I look at him now, lying helpless on his recliner chair in his room so that his shouting does not disturb the others, washed and brushed and clean with soft blankets on his legs, and I think You are still here, Dad.  You are still in there.  When I say hello and kiss him, he smiles and says hello.  Then he asks me if we should go now.  Where to? I ask him.  But he can't tell me where, he just waves one hand gently back and forth and forgets to speak.

I am looking for my father inside the Alzheimer's.  His eyes are  deep set beneath bushy grey eyebrows, and his glasses reflect the light.  It's hard to find him in there, and the disease has taken away the window to his soul.  But if I say, Dad!  Look at me!  he does, and he smiles, and I can see him again for a second.

Today he was calm and peaceful.  Last time, he was shouting goodbye to me, and telling me he had to let go, it was all over.  A wise person once said that while someone is making a noise, they are still finding a way to get their needs met.  I didn't feel that Dad was slipping away and I wonder if he was articulating his awareness of where he is going.  It's not time Dad, I said to him while stroking his forehead, this isn't your time.  You will do what you have to do when the time is right, and you will know what to do.  But that time is not now, not today.

Come with me, he said.  We will go together.

I will be there, Dad, I said, and I will come as far as I can. 

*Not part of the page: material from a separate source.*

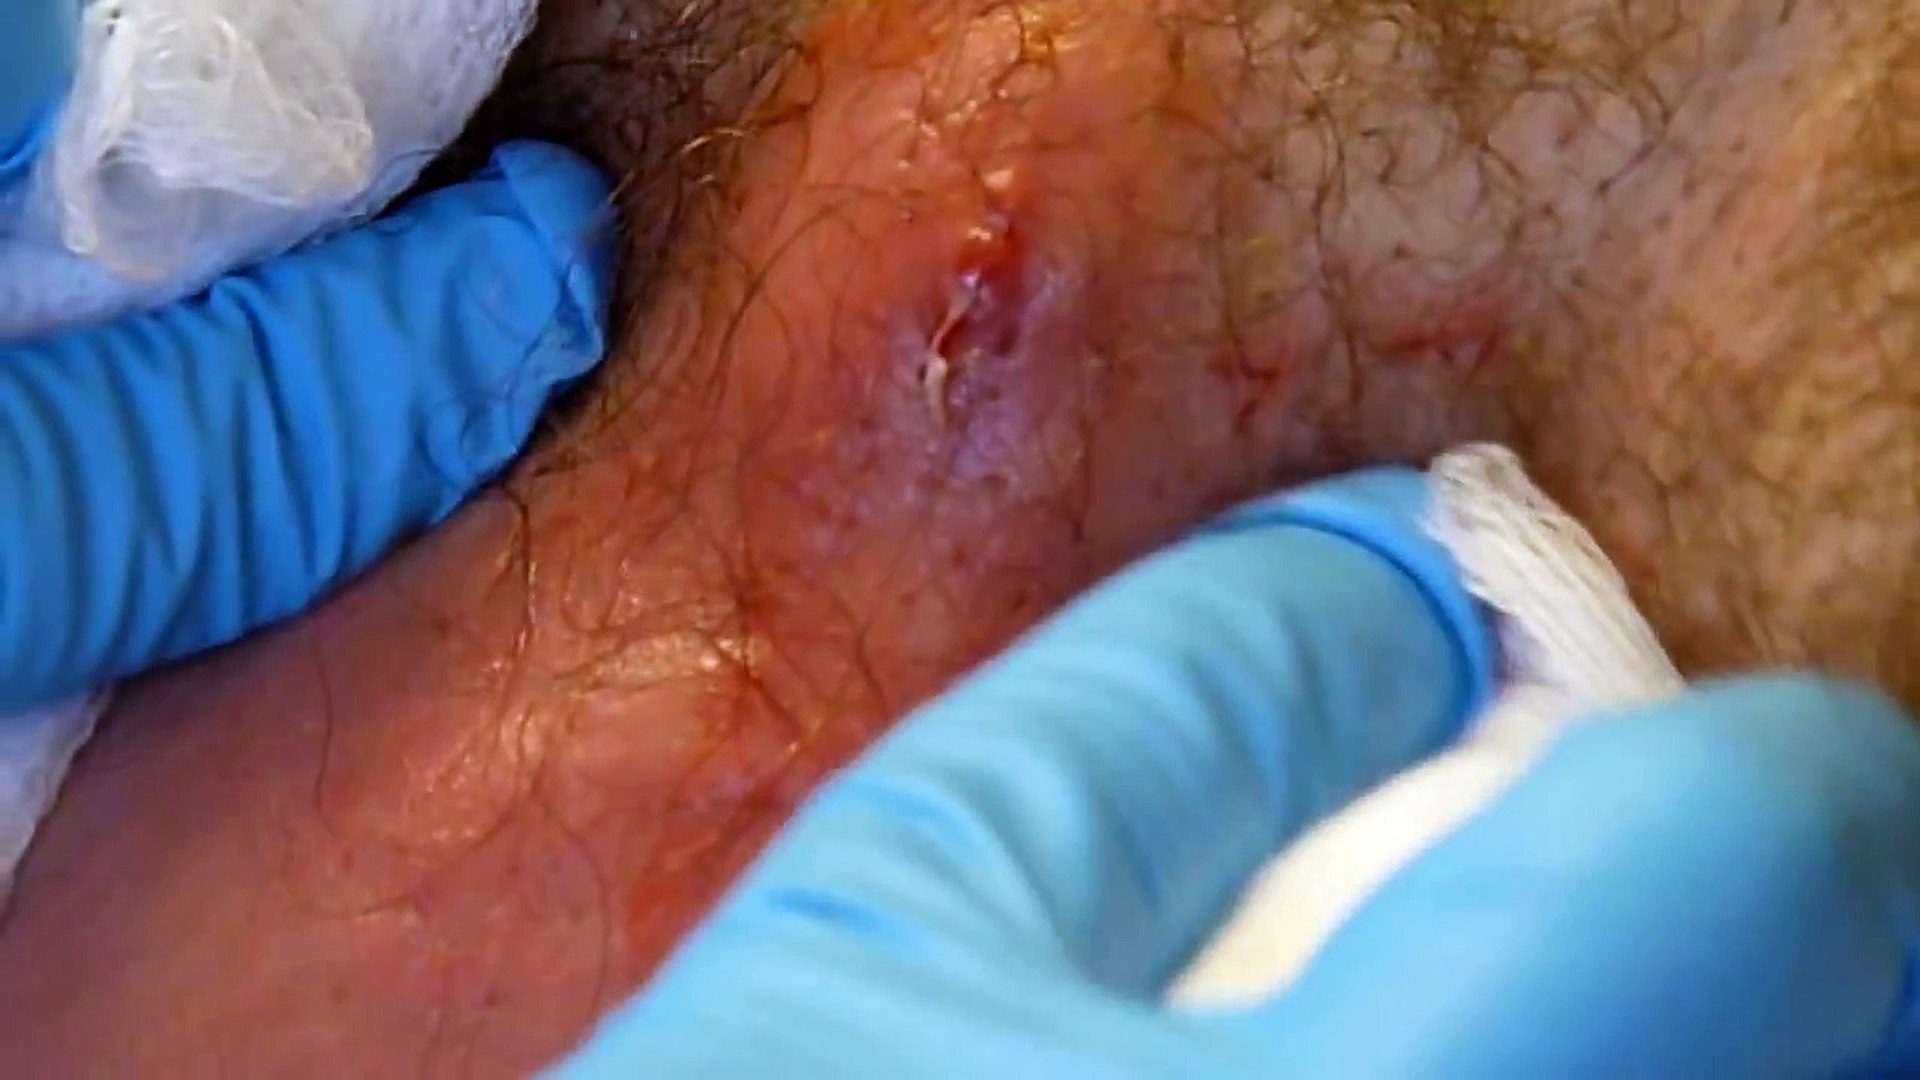 Huge Abscess Staph Infection Popped In Armpit Huge Plug Removed

Today he was calm. There was a silence around him that is new.  Maybe there has been more medication and the shouting has finally stopped.  He seemed soft and wise and old and wonderful.  His hair had been cut, and the carer told me she was going to give him a manicure later.  I have left some magical hand cream with marigold and lavender essential oils for him, and she will rub that into his skin.  Dad took great care to keep his nails smart and clean, I told her.  A manicure is just right for him. 

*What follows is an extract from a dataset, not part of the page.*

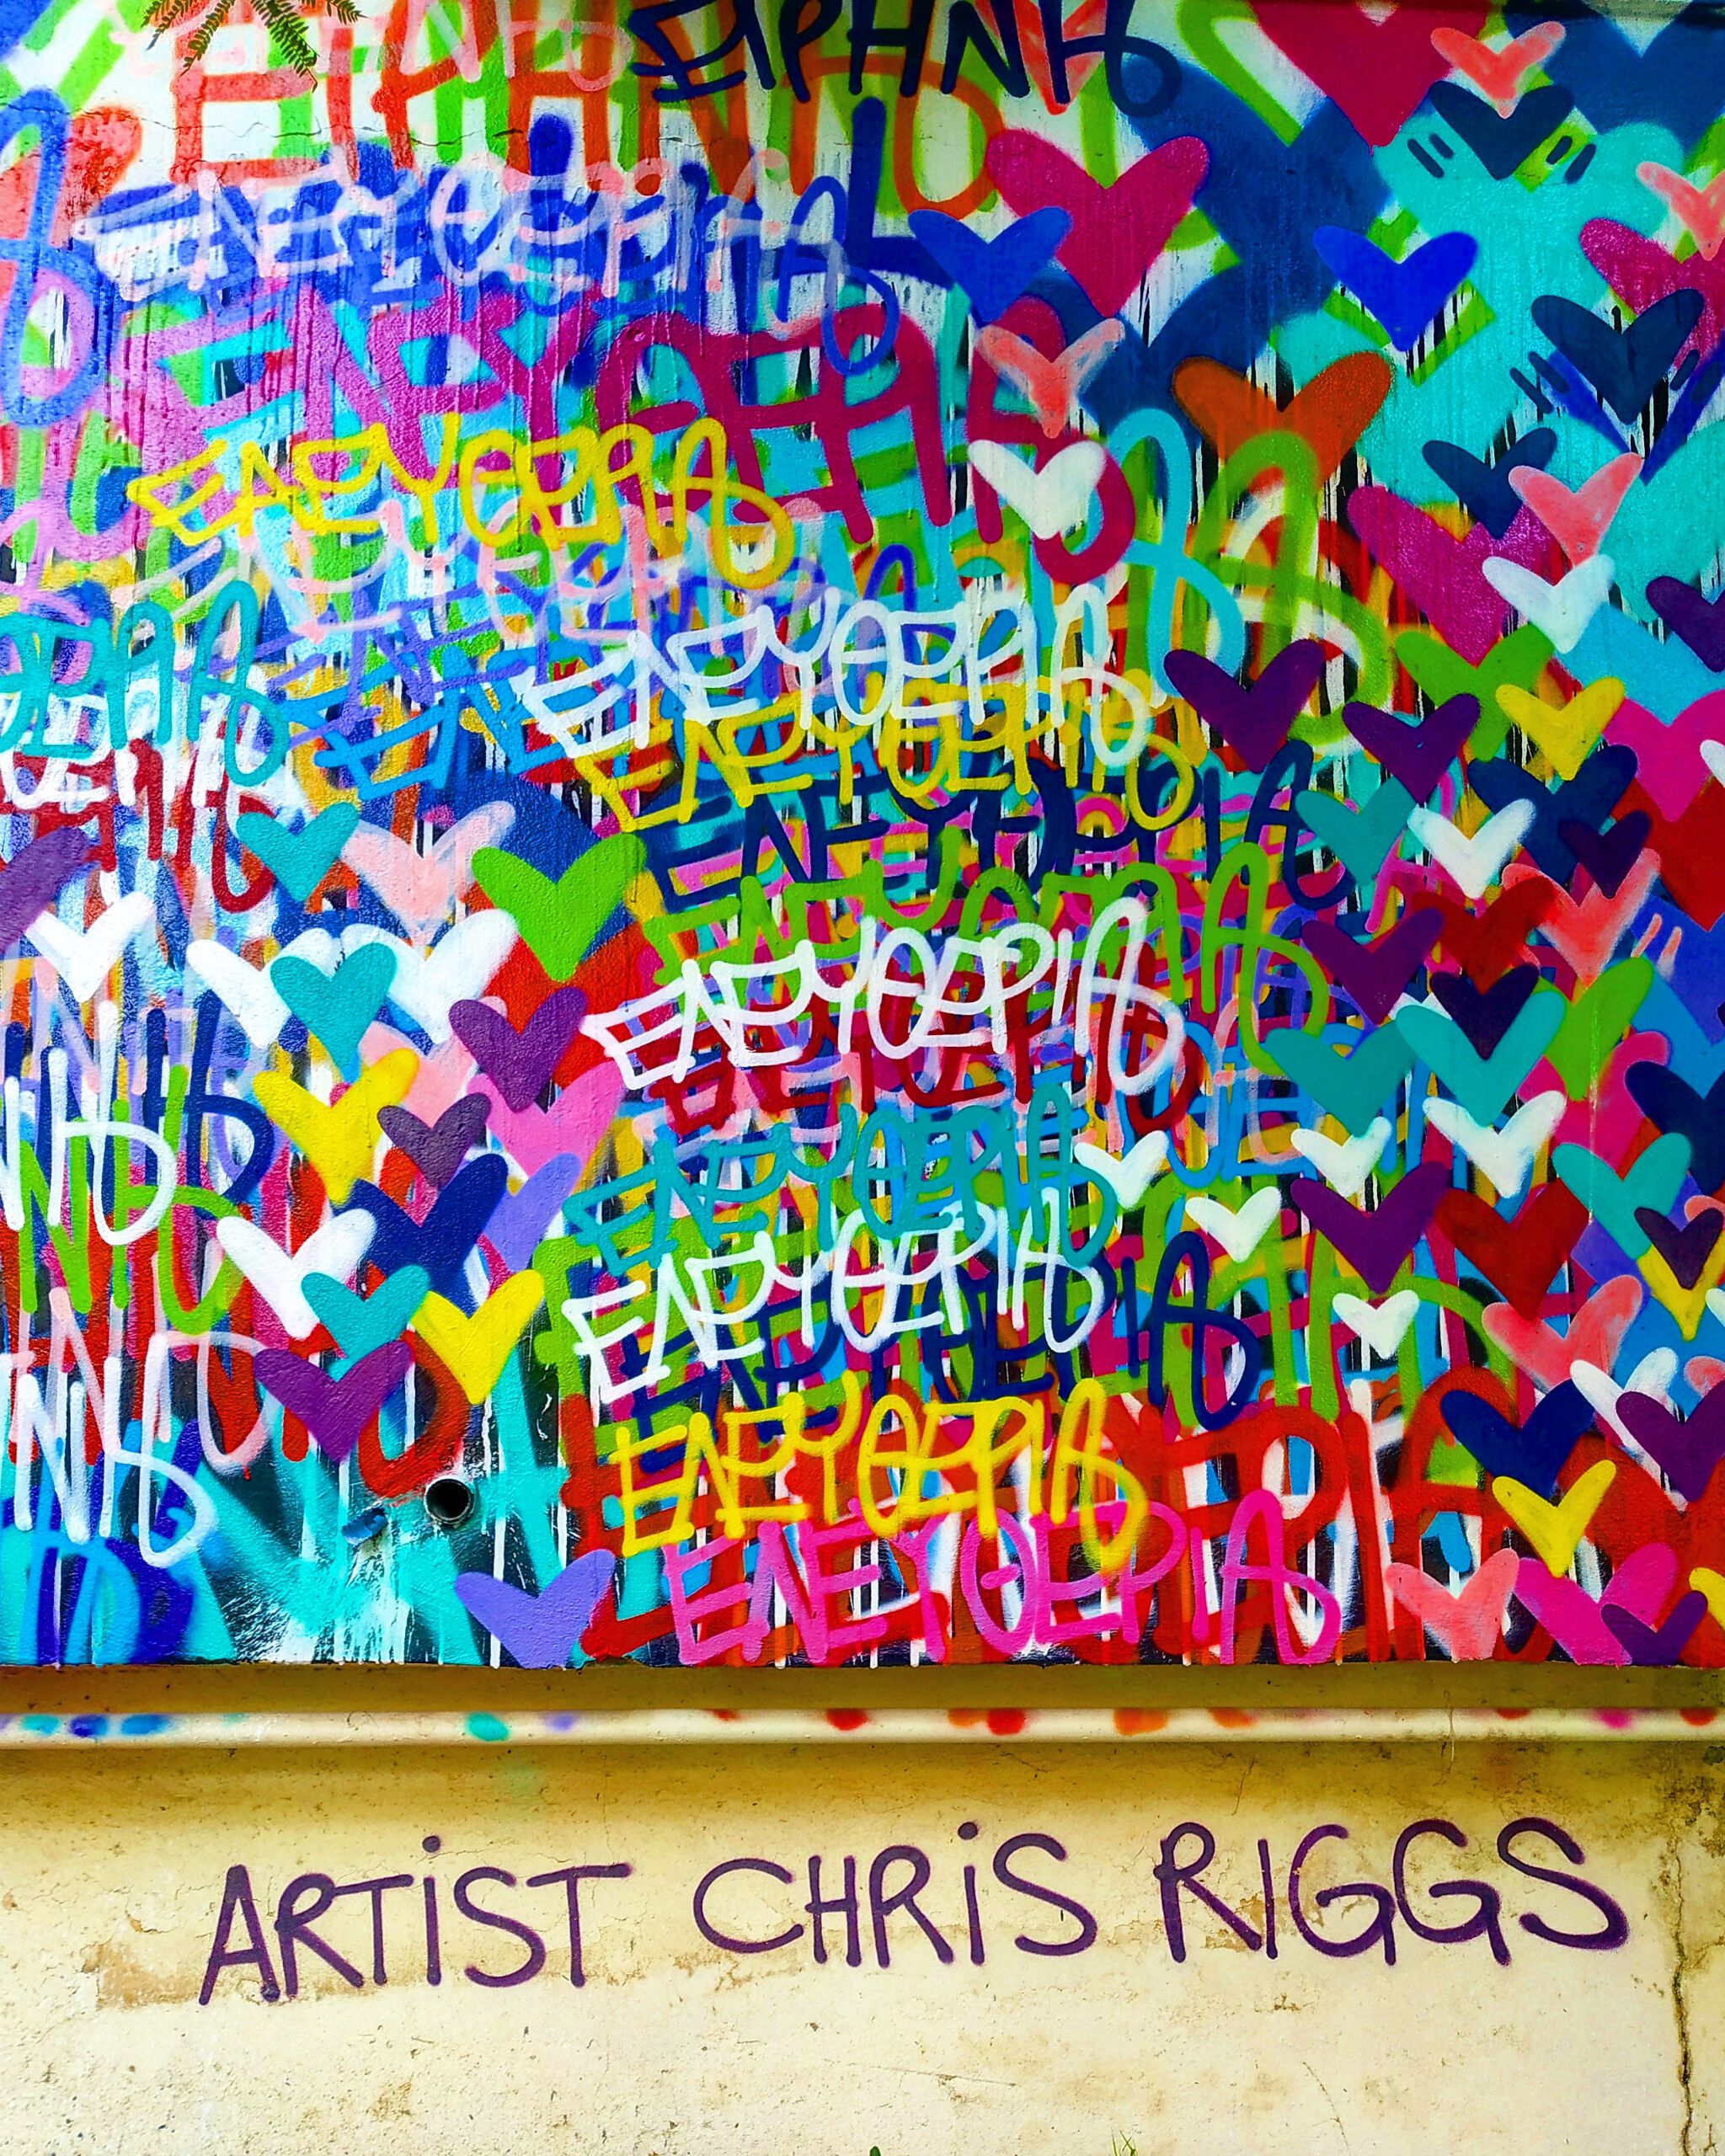 Chris Riggs&mdash;Peace, love and freedom

I had to leave early today, after only an hour with our father lying peacefully on his recliner chair.  I will be back, I said, and he smiled.  We have had a lovely day, he said.  I thought, we have had a lovely hour, and if he thinks it has been a whole day, then I am relieved.  My brothers will be with him over the weekend.  I must not feel guilty about leaving him after just one hour.

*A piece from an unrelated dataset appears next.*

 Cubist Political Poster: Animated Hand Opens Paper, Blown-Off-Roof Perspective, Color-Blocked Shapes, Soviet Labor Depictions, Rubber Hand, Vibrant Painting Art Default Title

Today I visit a client with cancer.  I had to leave Dad and drive an hour and a half back to Bognor for our weekly session.  He is older than Dad and says that he has had a blameless life in the church, so why does he have to suffer with this cancer?  His wife is ill too, with dementia.  Why did God give us these illnesses?  He asks.  I don't know, I say.  And I think, isn't life so strange.  Why is our father suffering like this, when he loves poetry so much?  When he was the only one who agreed that I was a fairy when I was a child? (You always said I was a fairy Dad, I said today.  I wore some net curtains as a fairy costume, do you remember?  Ah yes! he replied, you should still wear them.)

I am painting portraits of Dad, looking for him in his eyes.  I am recording him too so that I can understand.  He never complains, he is gracious and lost and sweet.  I will go back in a few days time, and we will see how things are.


Looking for our father in his eyes.  His Alzheimer's is taking him further and further away from us. Oils on wood.



Look at me Dad!  I say, and the Alzheimer's clears for a second and he smiles,  Oils on wood.